Falstaff es más que un personaje cómico, es la actitud cómica frente a la vida, lo cómico como manera de ser. Su simple presencia impide que cualquier situación sea otra cosa que cómica. Hasta lo trágico se esfuma, como cuando aparece frente al cadáver aún caliente de Hotspur. Habla, y se lucen todas las volteretas del pensamiento gozoso: humor, ironía, absurdo. El gordo Falstaff tiene la suprema ligereza del clown, que trasforma en fuentes de placer todos los posibles reveses. Hasta los reveses fatales, seguro: él es un sexagenario “muy avanzado” en su juventud:

We, that are in the vaward of our youth...

Un tipo así tenía que ser censurado o castigado, de alguna manera. Las alegres comadres de Windsor, donde se le reduce a hazmerreír de damas, es la sofisticada censura parida del seno de una reina virgen.

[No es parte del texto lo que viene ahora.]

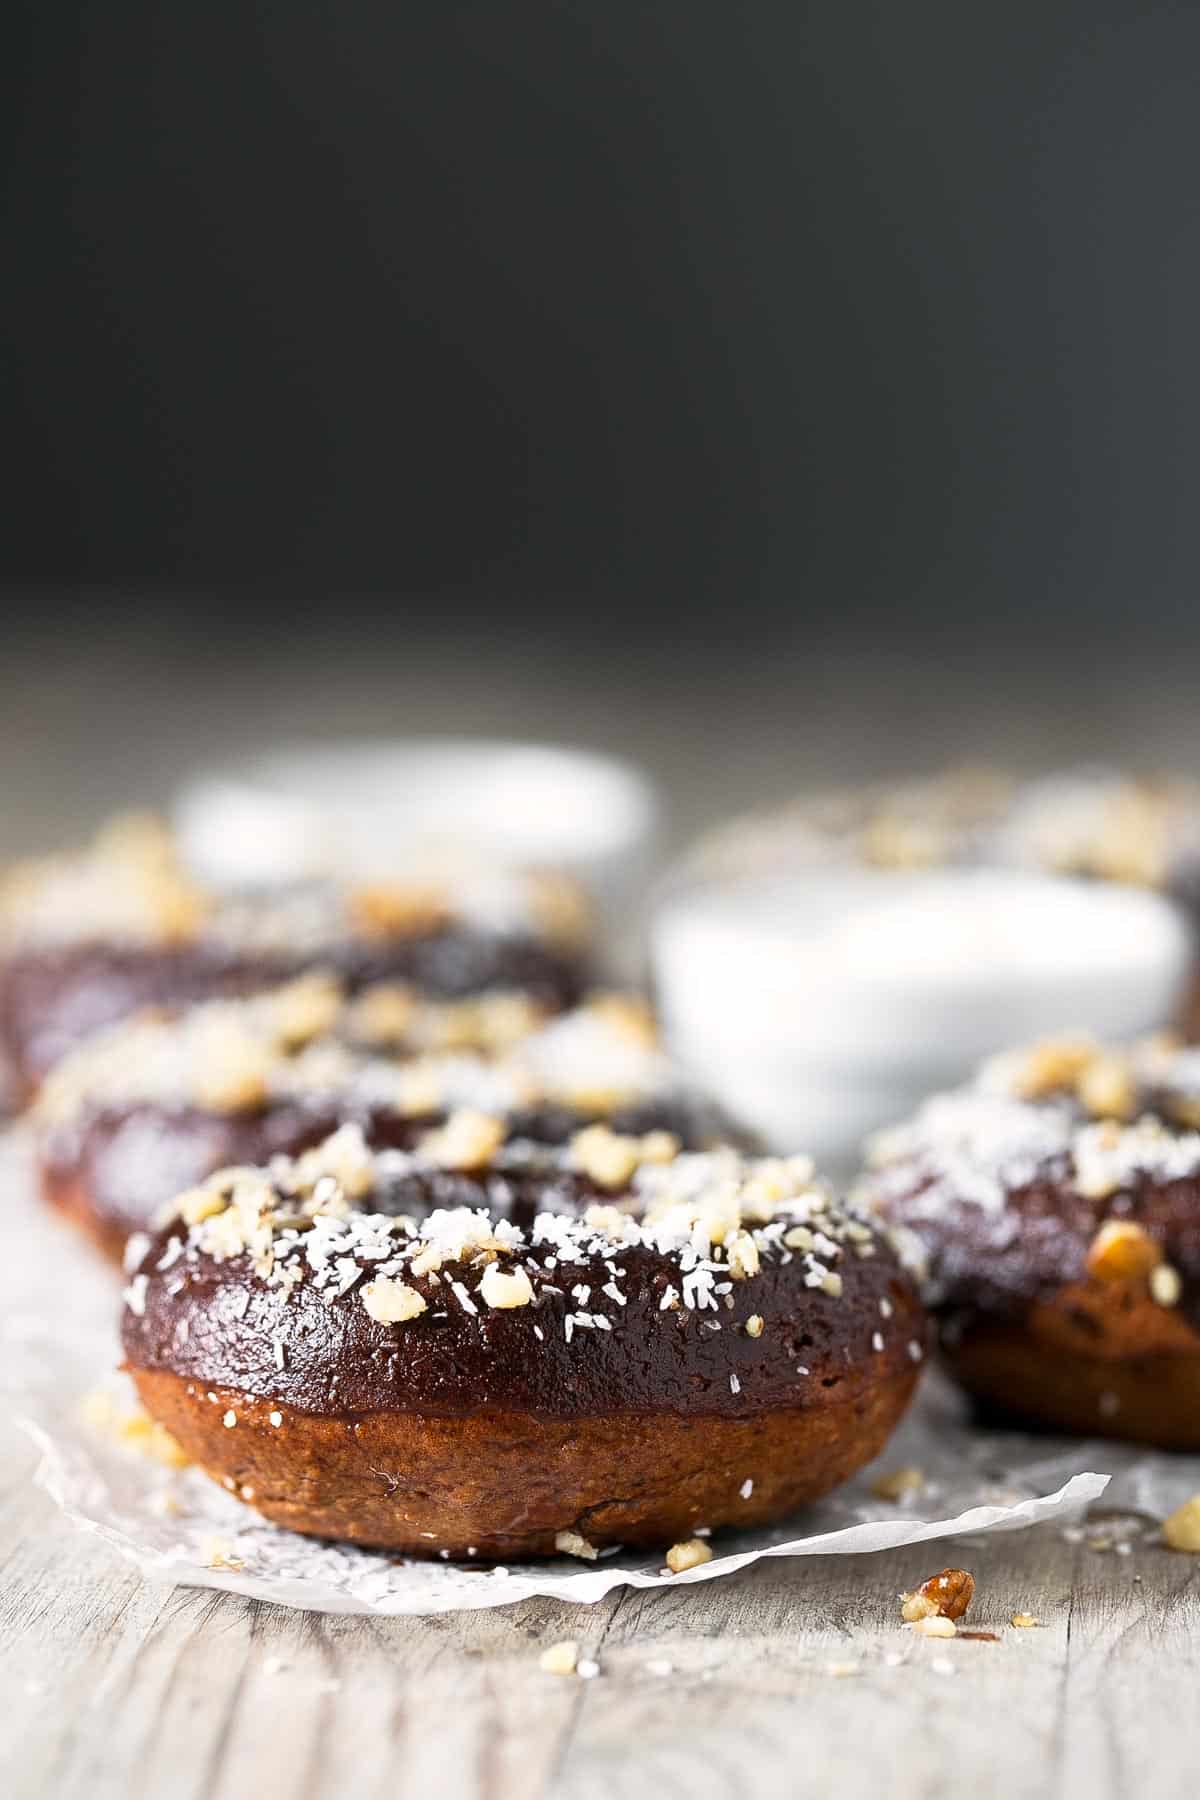 Donuts Veganos Saludables.- Estos donuts veganos saludables son bajos en grasa y perfectos para el día a día. La receta es increíblemente sencilla y el resultado espectacular.

Al identificar la risa con la dépense, con el gasto derrochador, Bataille ha revelado la fuerza anti-dialéctica de lo cómico, su resistencia al orden, a cualquier orden. Se ríe en oposición, y en un mundo pacificado positivo-racional no habría porque reír, ni de qué. Se ríe desde el dolor y la imperfección. La risa del niño de Nietzsche no viene de lo cómico, viene de más allá del dolor. Lo cómico, en cambio, está más acá del dolor, es su parásito, vive de él, y se resiste, con optimismo secreto, al Optimismo Oficial, aumentando así la entropía de cualquier sistema. De aquí su secreta relación con la muerte: una risa inmensa acabaría con el mundo.